The Iterable interface has only one nondefault method, iterator(), which must provide an Iterator for objects of the given type. Because the ArrayIterator class implements this as well, we can use an object of type ArrayIterator in a “foreach” loop:

Example 7-5. main/src/main/java/structure/ArrayIteratorDemo.java
package structure;

import com.darwinsys.util.ArrayIterator;

public class ArrayIteratorDemo {

    private final static String[] names = {
        "rose", "petunia", "tulip"
    };

    public static void main(String[] args) {
        ArrayIterator<String> arrayIterator = new ArrayIterator<>(names);

        System.out.println("Java 5, 6 way");
        for (String s : arrayIterator) {
            System.out.println(s);
        }

        System.out.println("Java 5, 6 ways");
        arrayIterator.forEach(s->System.out.println(s));
        arrayIterator.forEach(System.out::println);
    }
}

Java 8 Iterable.foreach

Java 8 adds foreach to the Iterator interface, a default method (discussed in Recipe 9.1) that you don’t have to write. Thus, without changing the ArrayIterator, after moving to Java 8 we can use the newest-style loop, Iterator.foreach(Consumer), with a lambda expression (see Chapter 9) to print each element (see Example 7-5).

7.16 Using a Stack of Objects

Problem

You need to process data in “last-in, first-out” (LIFO) or “most recently added” order.

Solution

Write your own code for creating a stack; it’s easy. Or, use a java.util.Stack.

Discussion

You need to put things into a holding area quickly and retrieve them in last-in, first-out order. This is a common data structuring operation and is often used to reverse the order of objects.

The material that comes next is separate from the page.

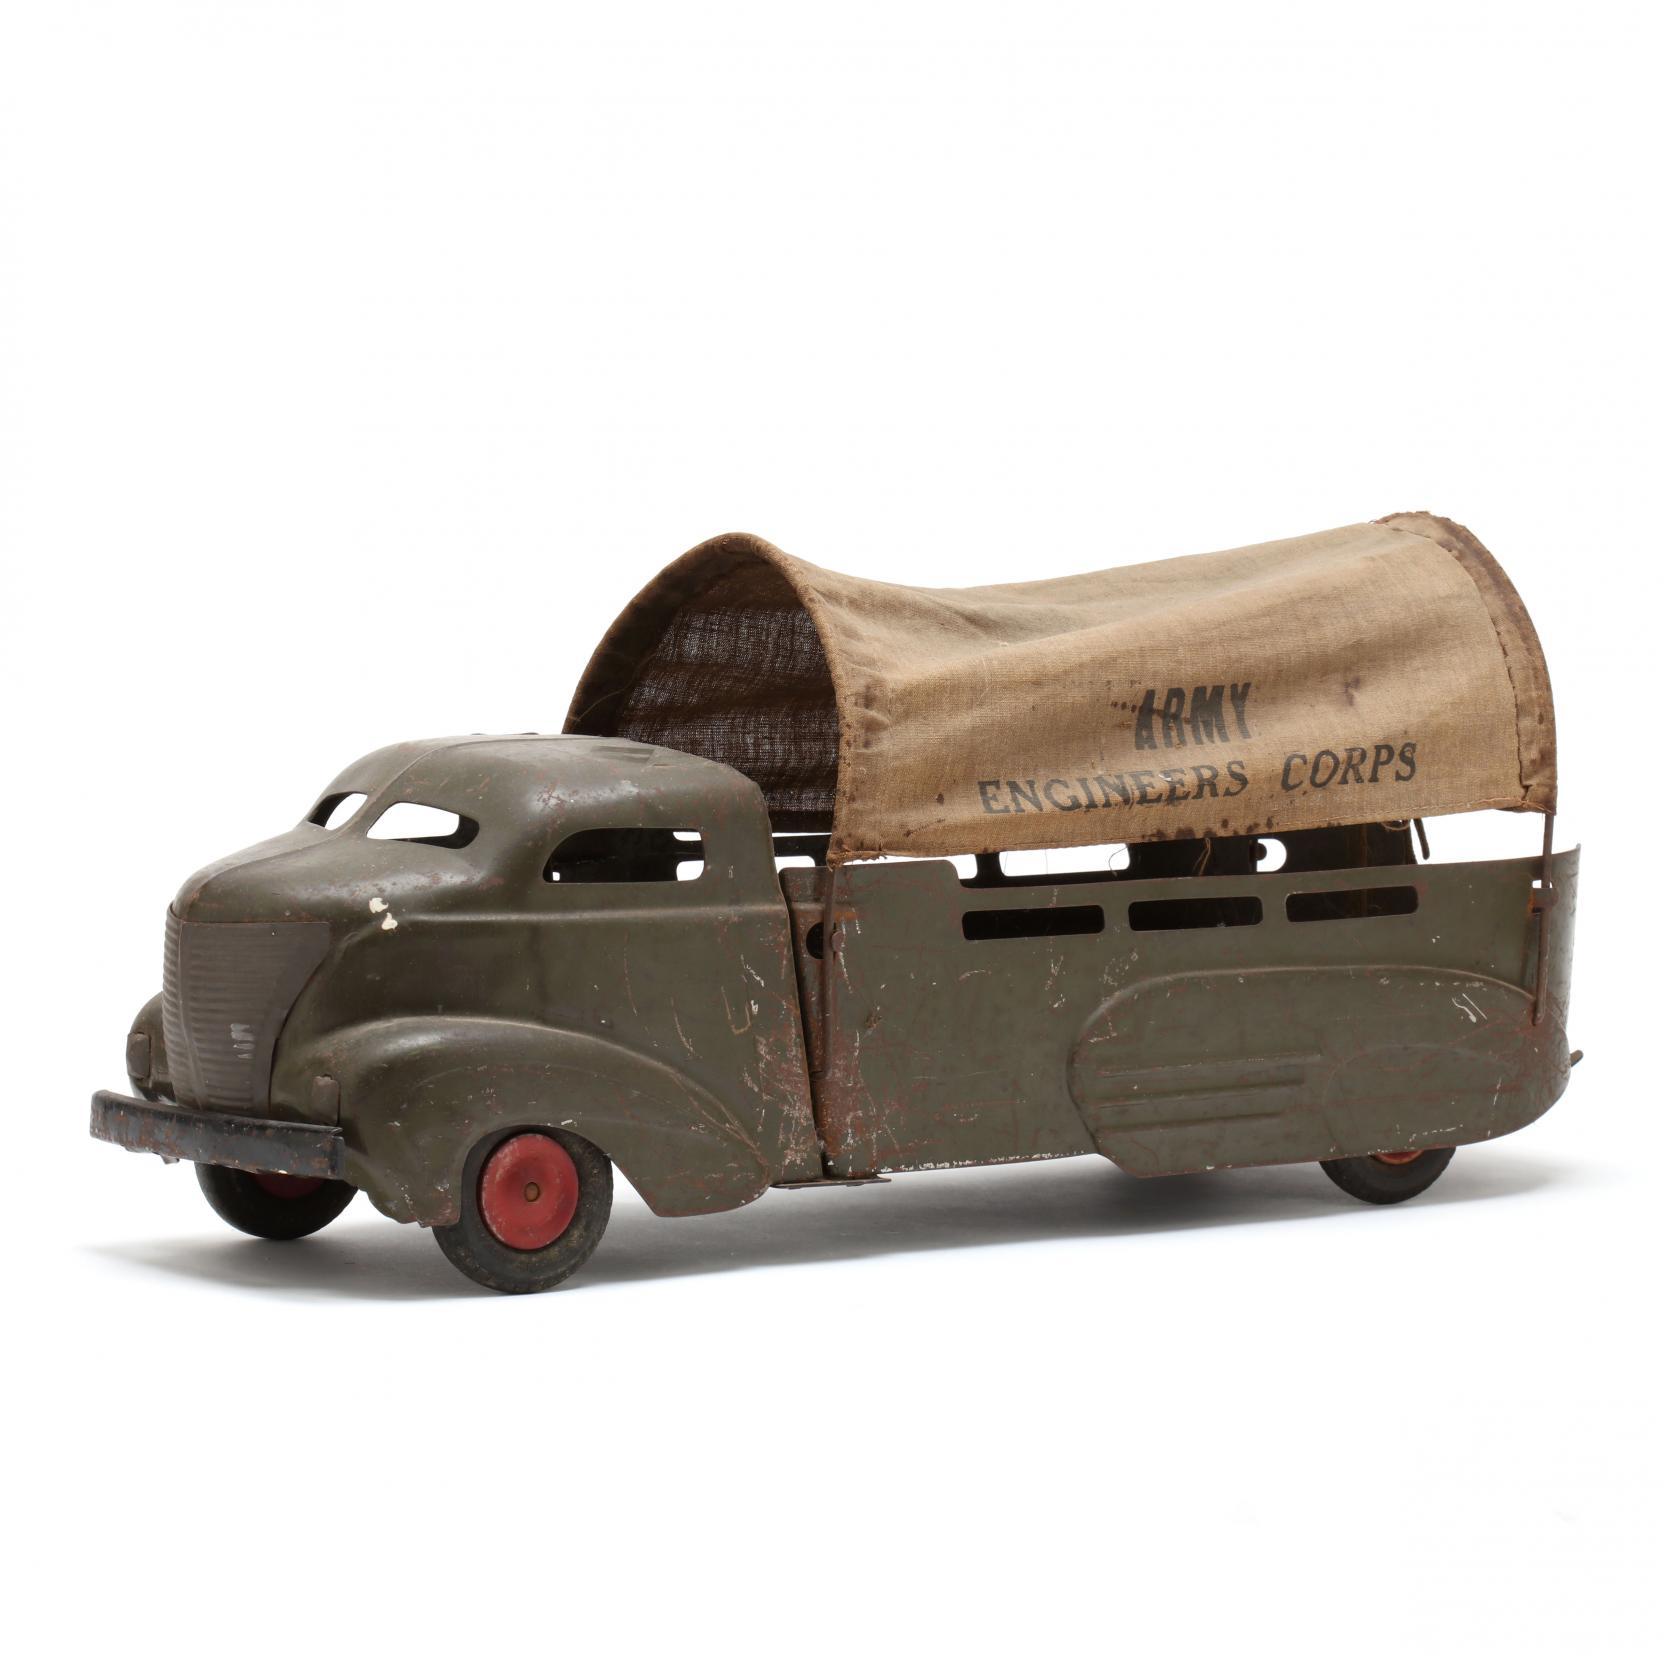 wyandotte-army-engineer-corps-truck

The basic operations of any stack are push() (add to stack), pop() (remove from stack), and peek() (examine top element without removing). ToyStack in Example 7-6 is a simple class for stacking values of the primitive type int. I’ll expand it in a page or two to allow to stack user-defined objects.

Example 7-6. main/src/main/java/structure/ToyStack.java
public class ToyStack {

    /** The maximum stack depth */
    protected int MAX_DEPTH = 10;
    /** The current stack depth */
    protected int depth = 0;
    /* The actual stack */
    protected int[] stack = new int[MAX_DEPTH];

    /** push - add an element onto the stack */
    protected void push(int n) {
        stack[depth++] = n;
    }
    /** pop - return and remove the top element */
    protected int pop() {
        return stack[--depth];
    }
    /** peek - return the top element but don't remove it */
    protected int peek() {
        return stack[depth-1];
    }
}

If you are not familiar with the basic idea of a stack, you should work through the code here; if you are familiar with it, you can skip ahead. While looking at it, of course, think about what happens if pop() or peek() is called when push() has never been called, or if push() is called to stack more data than will fit.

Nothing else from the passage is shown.